§ PROVIDED DATA

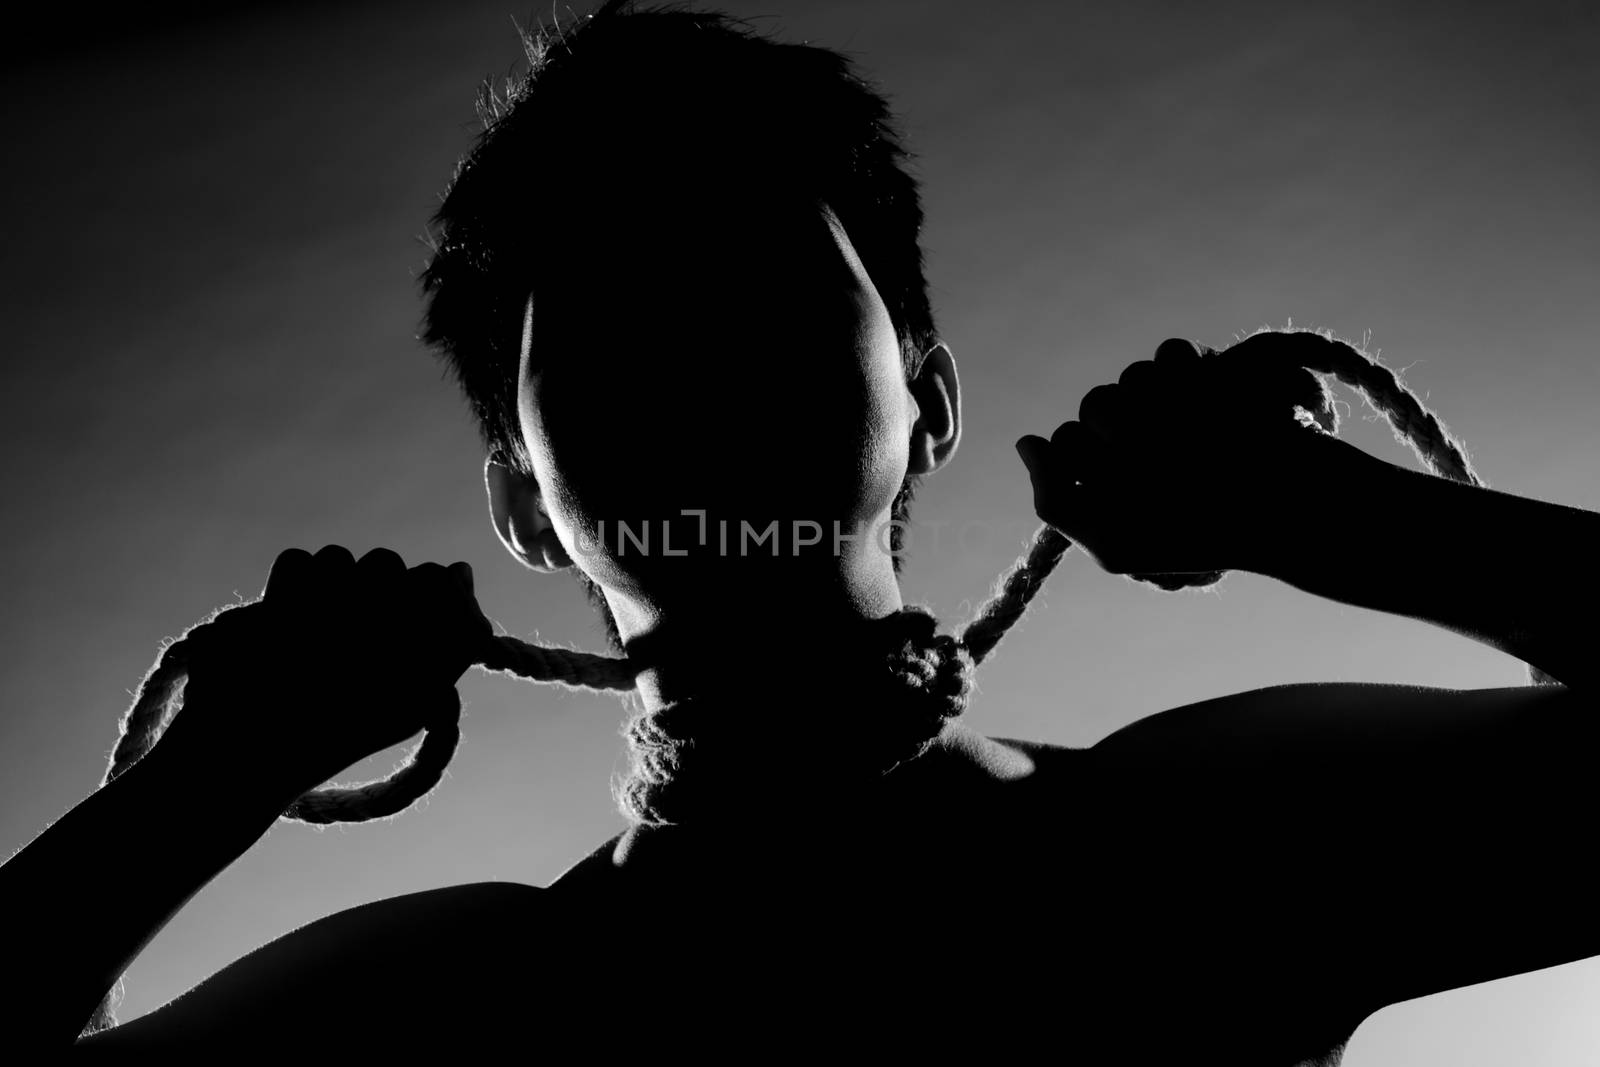 silhouette portrait of a girl with short hair, having rope around her neck
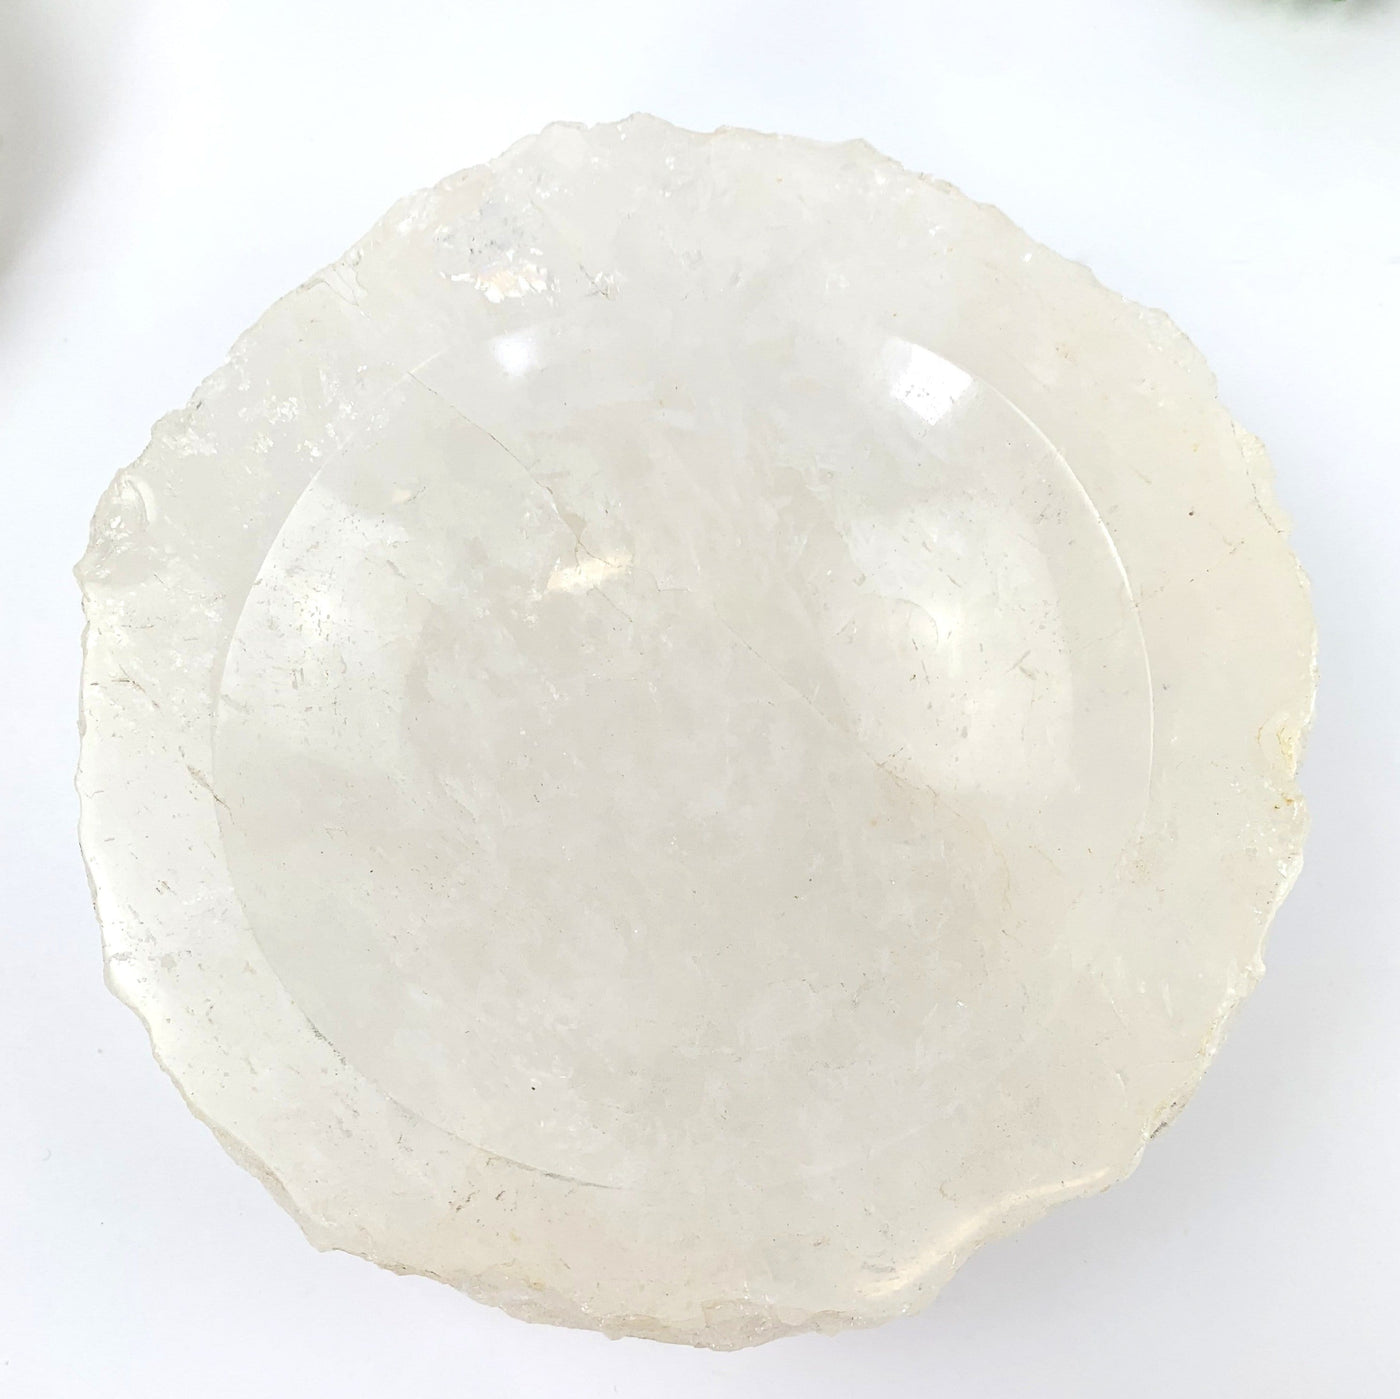 top view of Crystal Quartz Display Bowl on white background
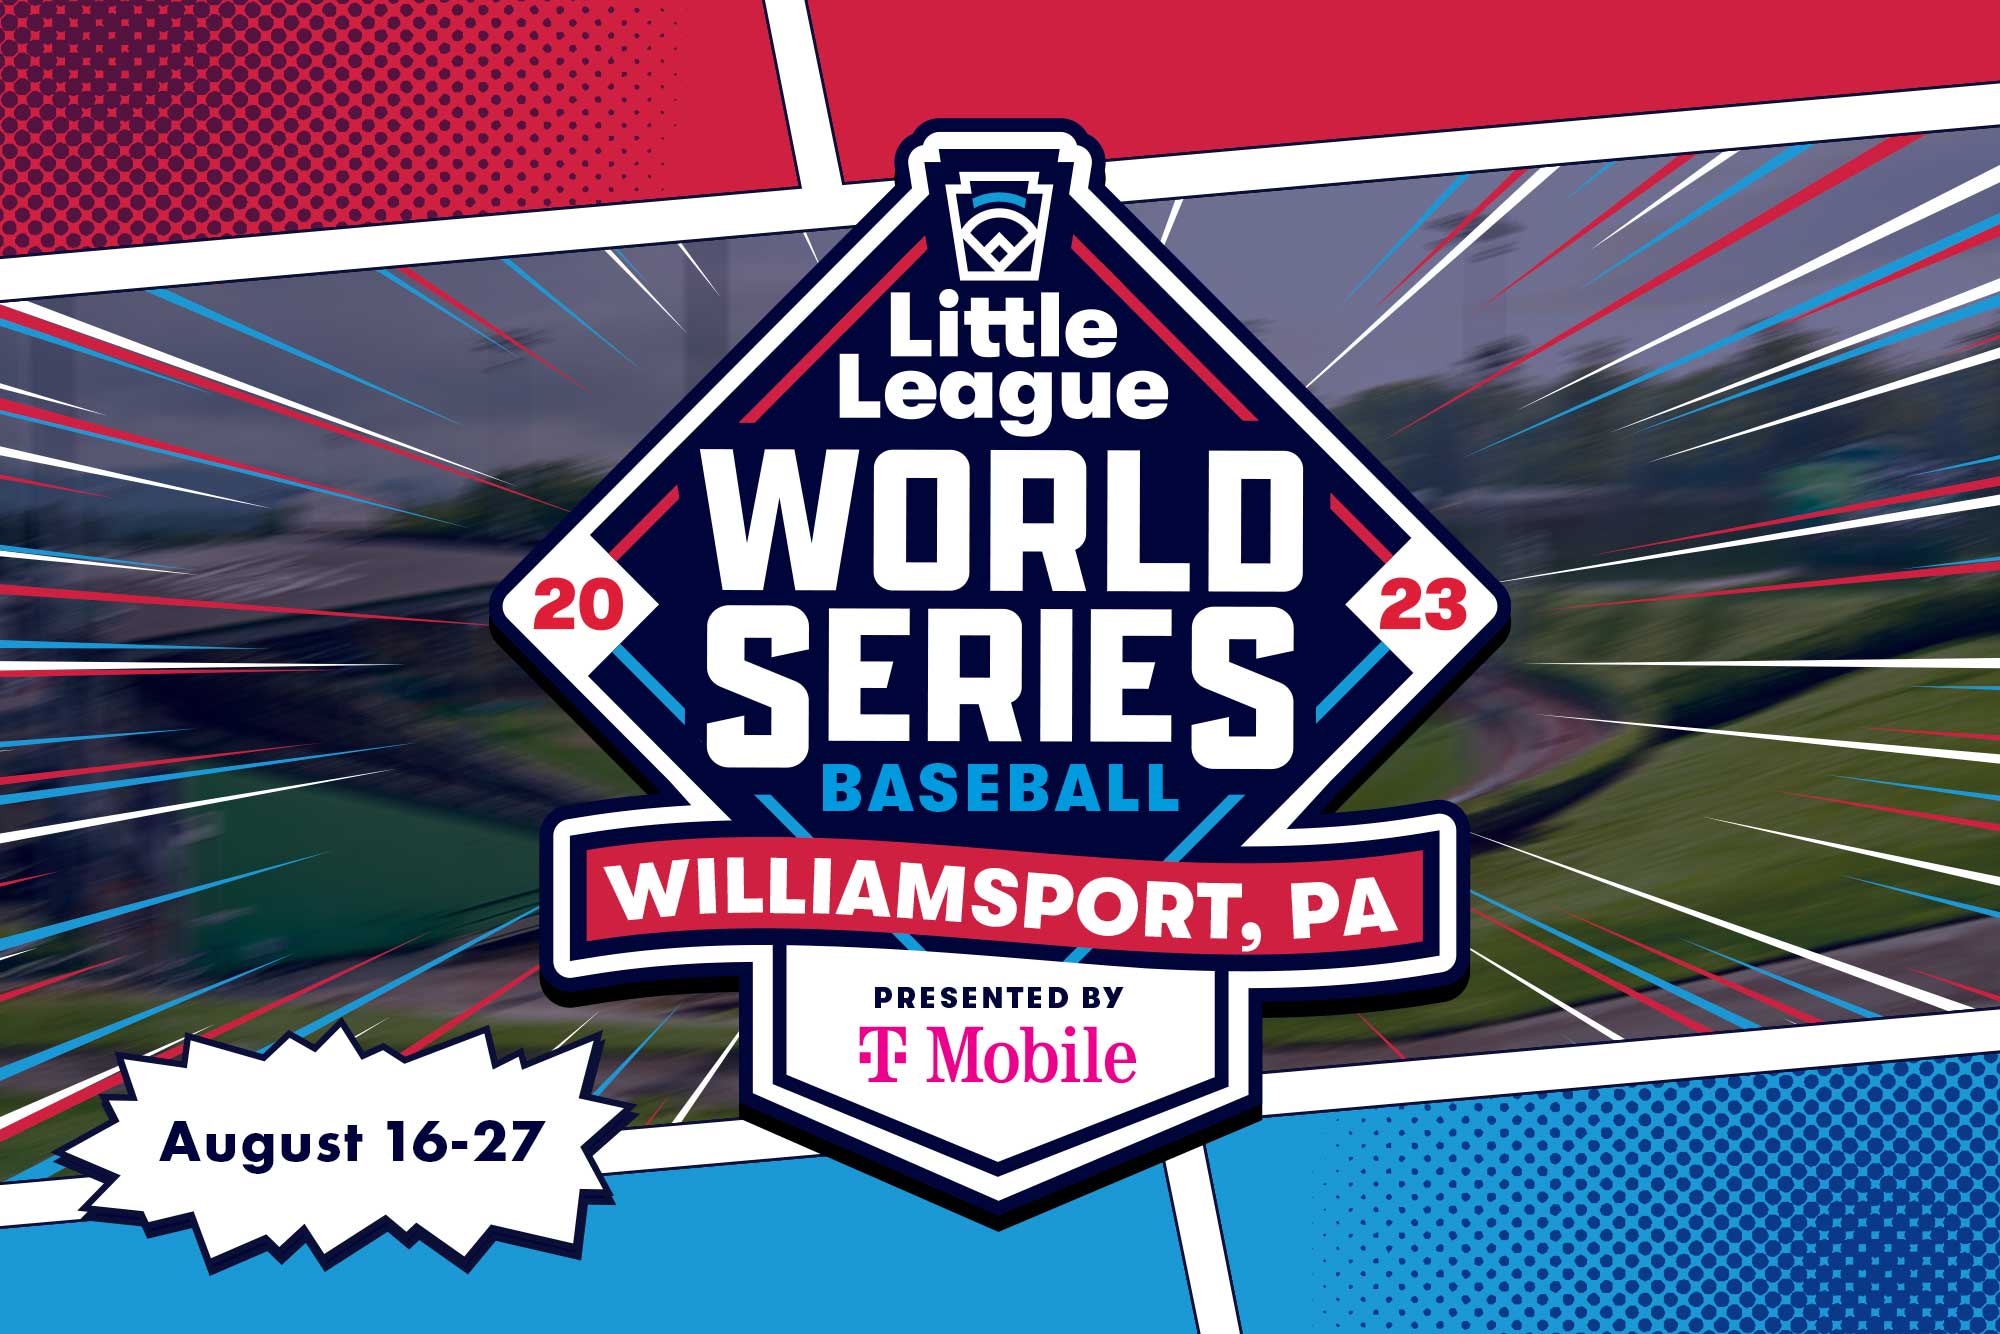 How to Watch Little League Baseball World Series on August 20

§ EXERCISE REQUIREMENTS
Wherever a picture appears, omit it; copy the rest of the data exactly.

§ ANSWER TO THIS PROBLEM
 silhouette portrait of a girl with short hair, having rope around her neck
 top view of Crystal Quartz Display Bowl on white background
 How to Watch Little League Baseball World Series on August 20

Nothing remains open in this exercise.